THREE BOSTON-AREA INSTITUTIONS are financing the construction of one of the largest renewable energy projects in the United States, a 60-megawatt solar farm in North Carolina.
MIT, Boston Medical Center, and the Post Office Square Redevelopment Corporation said on Wednesday they had signed a 25-year contract to purchase the power output from the project’s 255,000 solar panels. The power purchase agreement paved the way for the financing of the solar project, which is being developed by Dominion Resources in North Carolina’s Currituck County and scheduled to start operating later this year.
MIT agreed to buy 73 percent of the project’s power output, Boston Medical Center committed to 26 percent, and Post Office Square to 1 percent. The Post Office Square Redevelopment Corp. developed and manages the Garage at Post Office Square and the park above it.
The companies intend to purchase the power generated by the solar farm and then resell it into the power grid in North Carolina. Robert Biggio, vice president of facilities and support services at Boston Medical Center, said the Boston-area institutions hope to break-even on the transaction.
He said the institutions will continue to purchase power locally as they do now, but they will also retain renewable energy certificates from the North Carolina project that will allow them to claim they have abated 119,500 metric tons of carbon dioxide emissions, the equivalent of removing 25,250 cards from the road.
The agreement will allow MIT, Boston Medical Center, and the Post Office Square Redevelopment Corp. to offset a significant portion of their greenhouse gas emissions.
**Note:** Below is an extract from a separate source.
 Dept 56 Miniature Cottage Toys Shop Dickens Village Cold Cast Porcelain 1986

Biggio said the solar power purchase, together with a $300 million campus redesign, should allow the hospital to become carbon-neutral by the end of 2018.
The 60-megawatt solar farm is much larger than any similar facility in New England, but it is still much smaller than most conventional power plants. The Pilgrim Nuclear Power Station is 680, for example, ios 680 megawatts.
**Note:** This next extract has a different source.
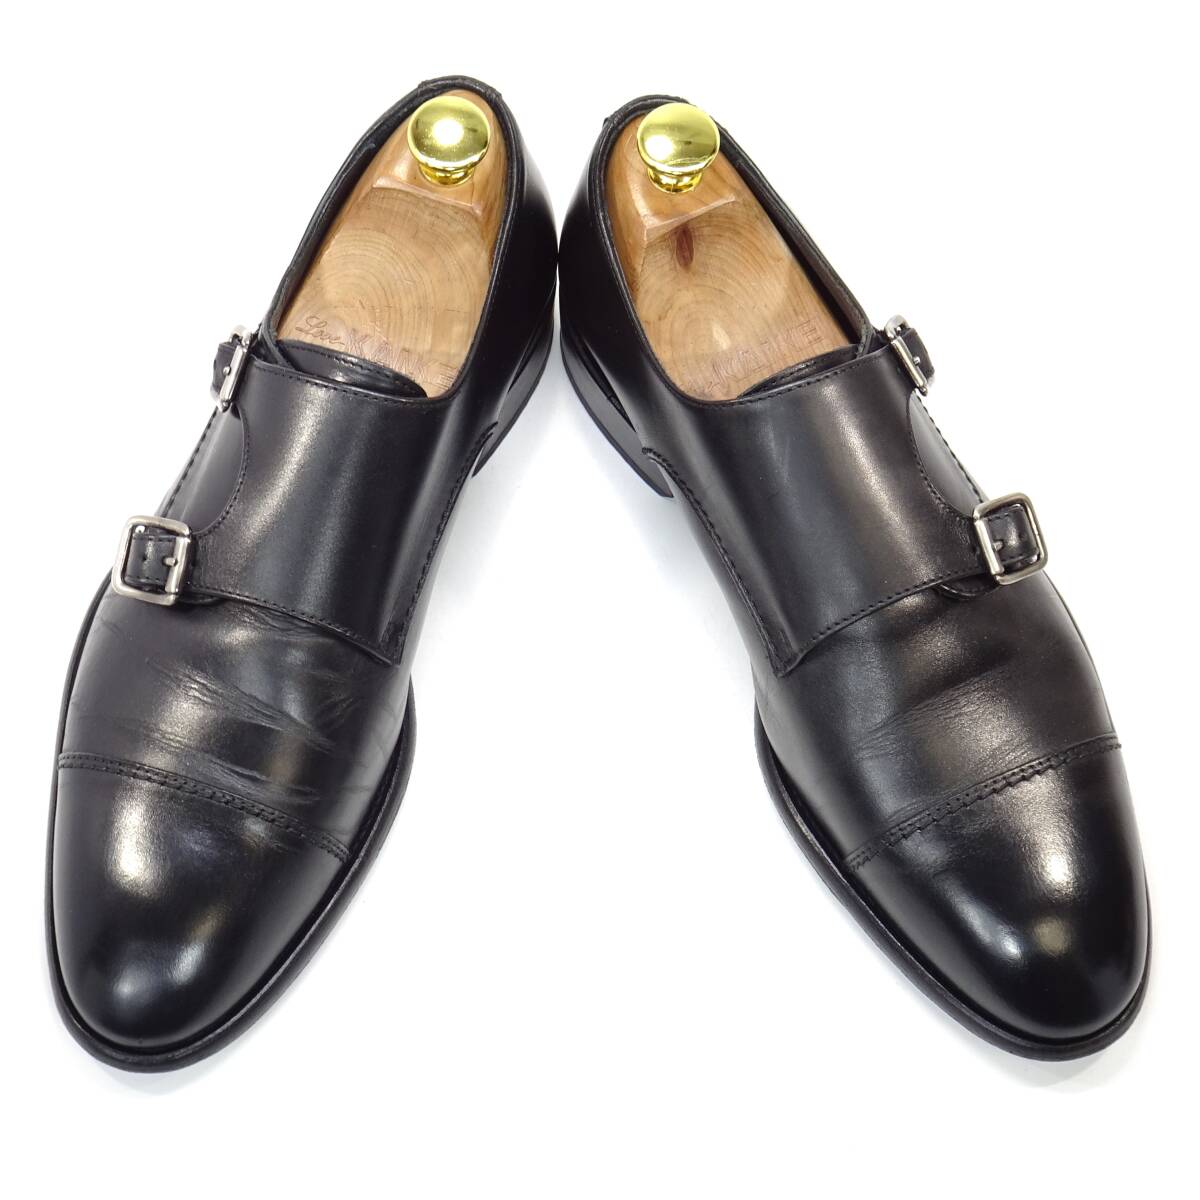 即決 イタリア製 HILTON 40 ダブルモンクストラップ ヒルトン メンズ 黒 ブラック 本革 ビジネス 本皮 ドレスシューズ 革靴 通勤 紳士靴_画像1

Biggio said the three institutions decided on the North Carolina project rather than one closer to home after realizing the 650-acre facility could only be located in certain areas of the country. He also said North Carolina tends to rely on coal-fired power plants more than New England, so building the facility there will have the effect of reducing dependence on the dirtier fuel.
Maria Zuber, MIT’s vice president for research, said she believes the project demonstrates what is possible. “We believe our experience can help catalyze similar investments in clean energy, which will be vital to achieving a zero-carbon global energy system within this century,” she said in a statement.